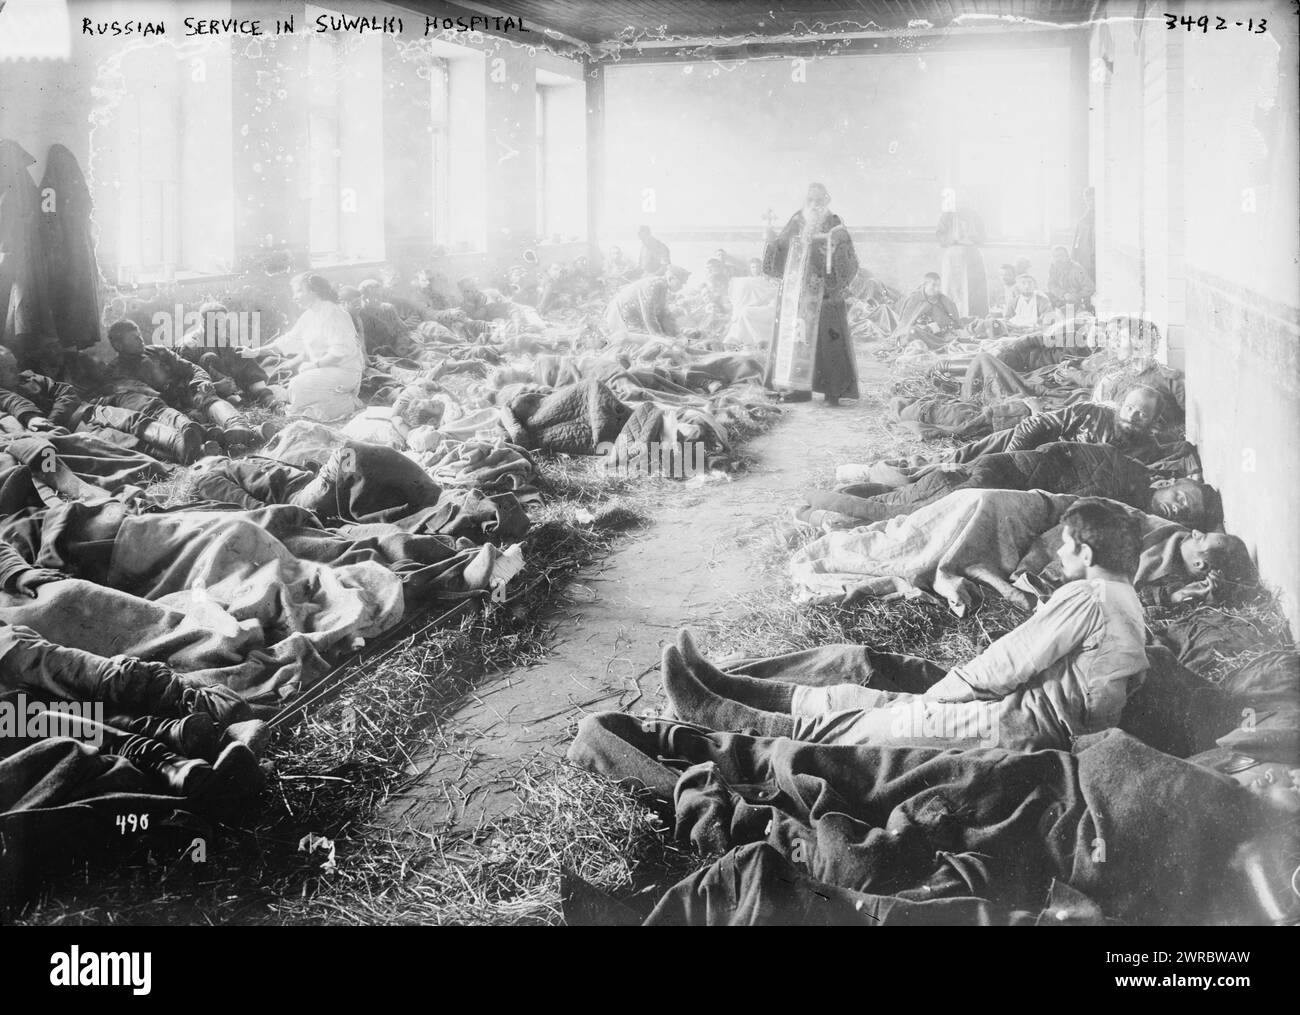 Russian Service in Suwalki Hospital, Photograph shows a priest holding a Russian Orthodox service in a hospital in Suwalki, Russia (now Poland) during World War I., between 1914 and ca. 1915, World War, 1914-1918, Glass negatives, 1 negative: glass Stock Photo
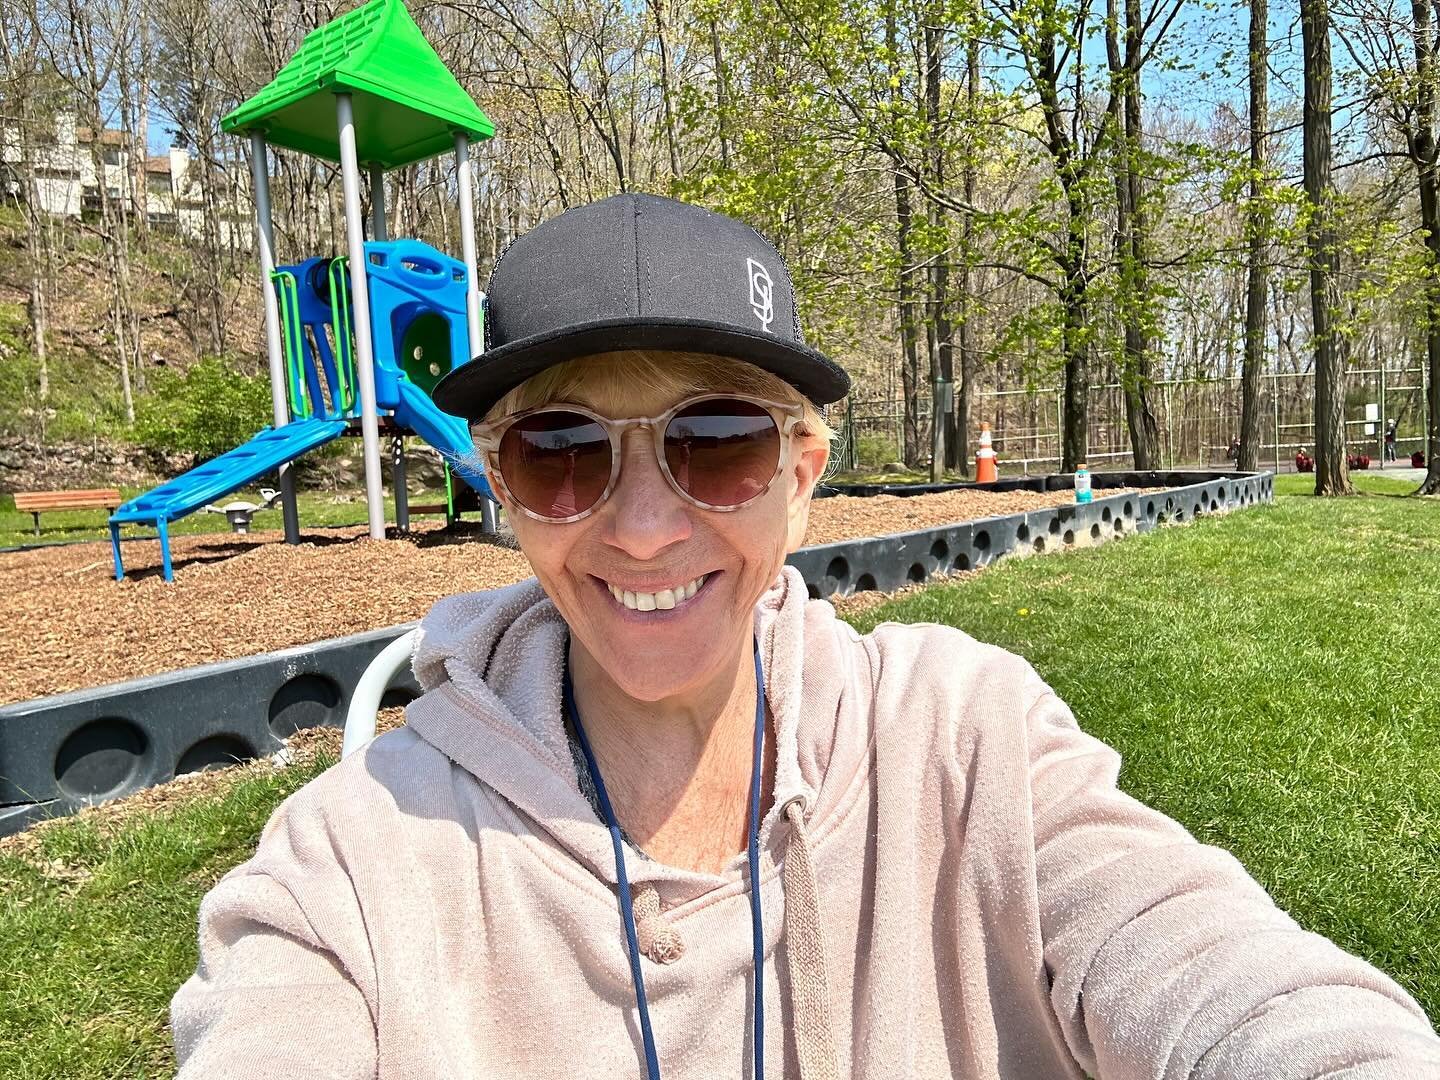 Sunday morning. Somewhere people are at brunch sipping  mimosas, awaiting their eggs Benedict before taking a leisurely stroll in the park 🩷🩷🩷 NOT ME. I&rsquo;m in workouts clothes, looking like a deranged unibomber at a ballpark hoping someone br
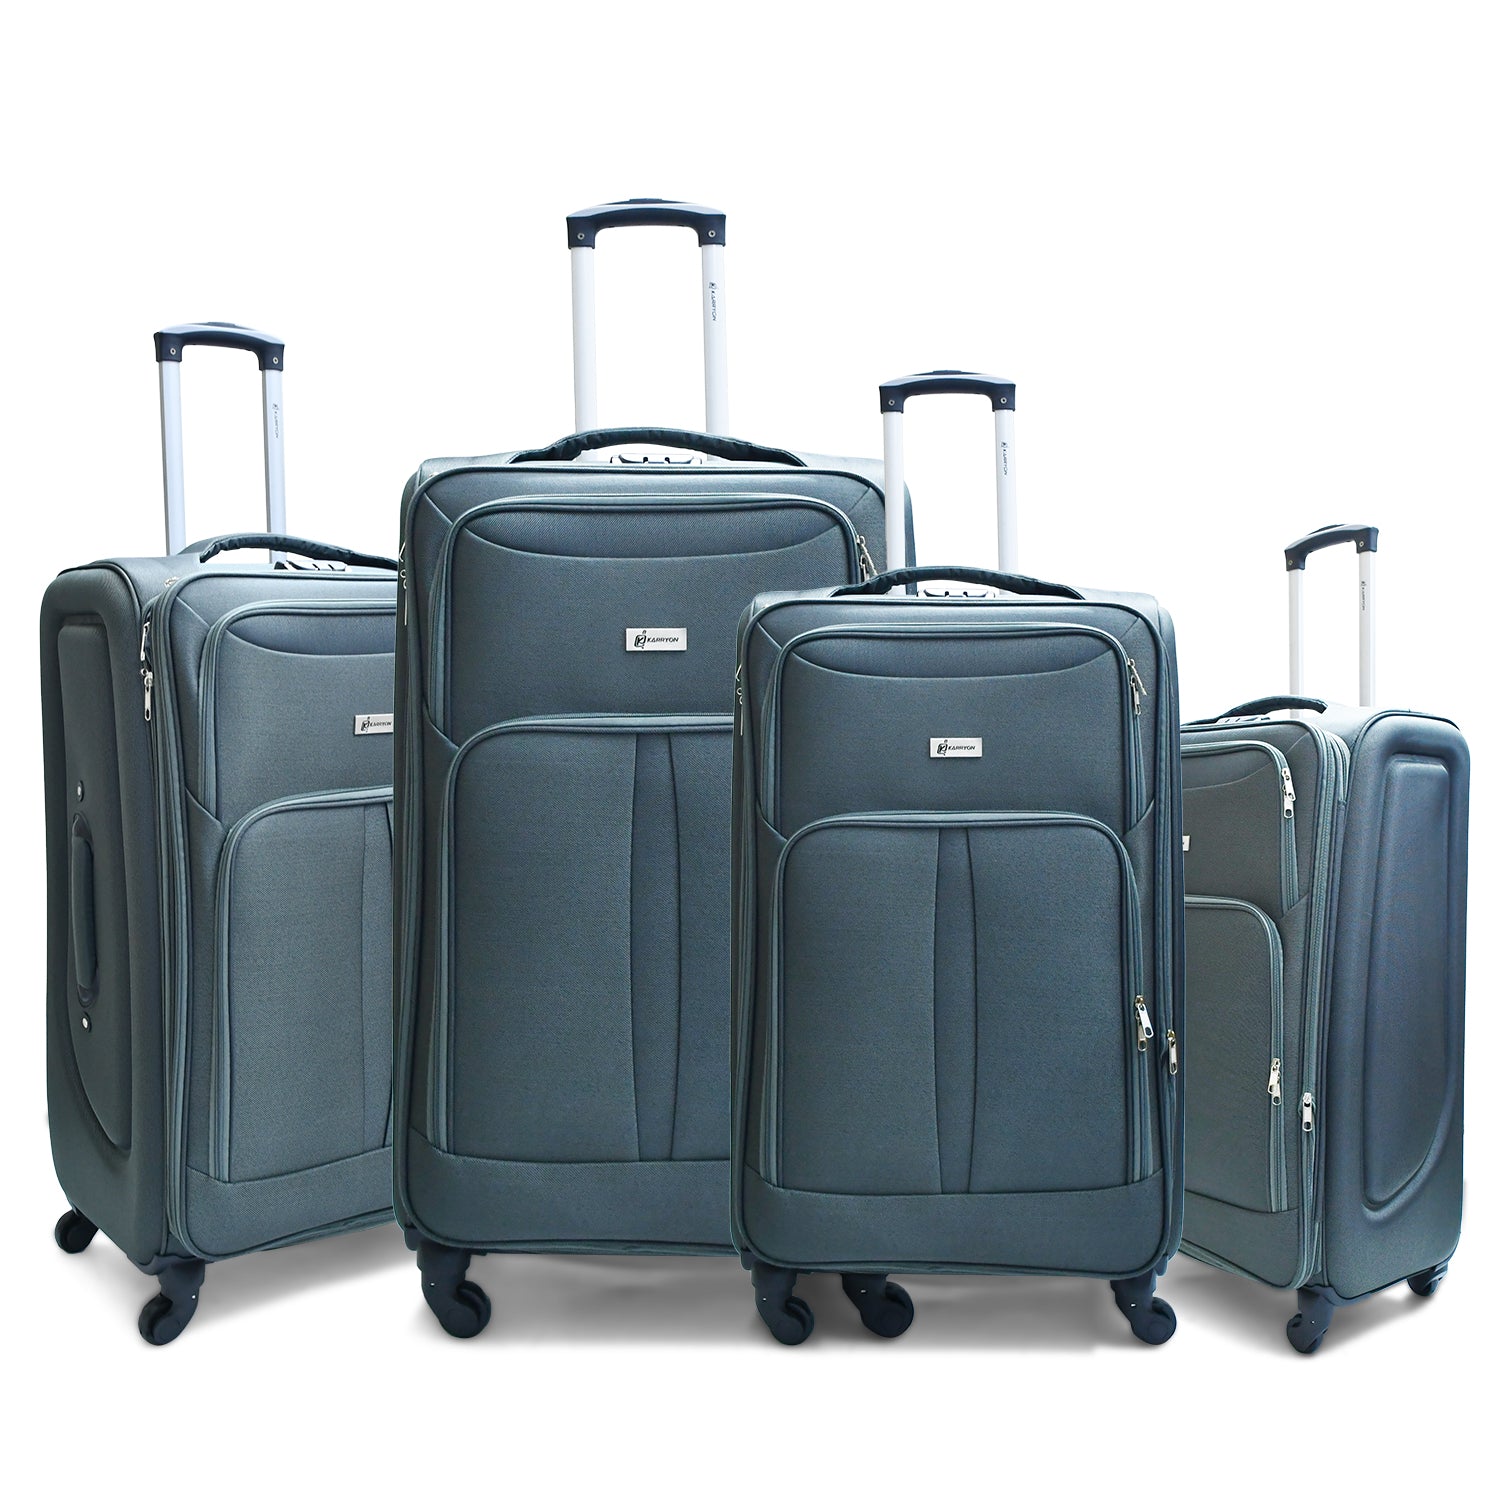 KARRY-ON GRAND SOFT LUGGAGE w/ PVC COVER 4PC LUGGAGE SET (20/24/28/32")
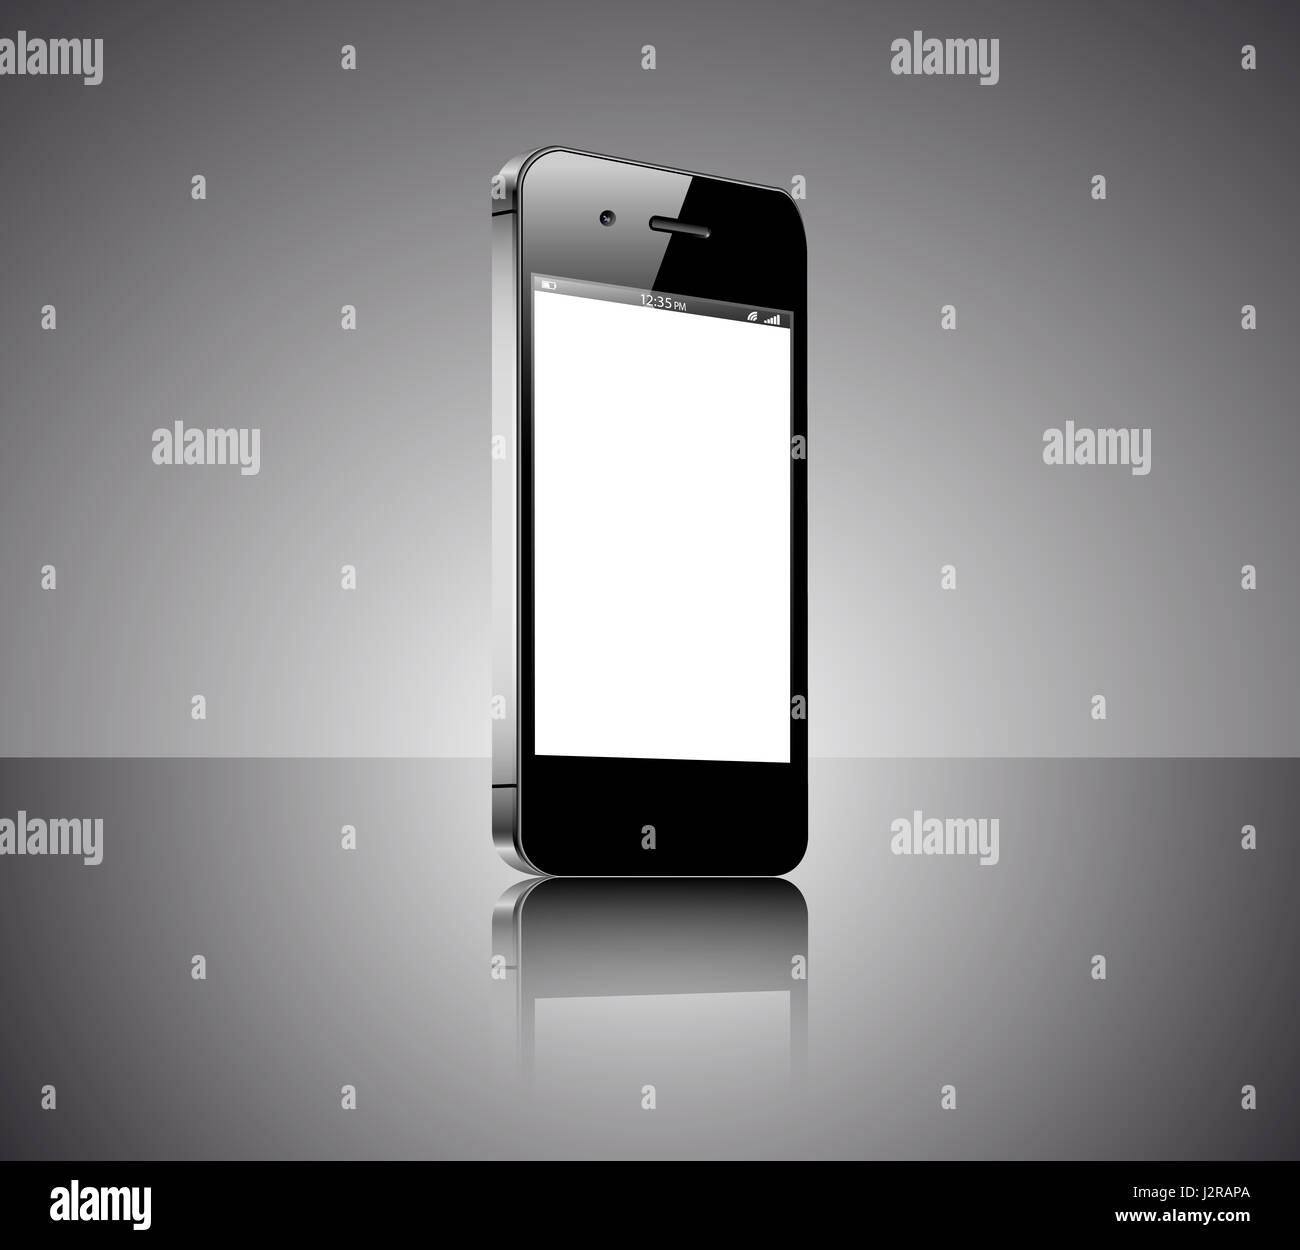 Realistic black smartphone with a white screen Stock Photo

**Problem:**
Write out the data in full and exactly as given, though without the images.

**Answer box:**
 Russian Service in Suwalki Hospital, Photograph shows a priest holding a Russian Orthodox service in a hospital in Suwalki, Russia (now Poland) during World War I., between 1914 and ca. 1915, World War, 1914-1918, Glass negatives, 1 negative: glass Stock Photo
 Sunday morning. Somewhere people are at brunch sipping  mimosas, awaiting their eggs Benedict before taking a leisurely stroll in the park 🩷🩷🩷 NOT ME. I&rsquo;m in workouts clothes, looking like a deranged unibomber at a ballpark hoping someone br
 KARRY-ON GRAND SOFT LUGGAGE w/ PVC COVER 4PC LUGGAGE SET (20/24/28/32")
 Realistic black smartphone with a white screen Stock Photo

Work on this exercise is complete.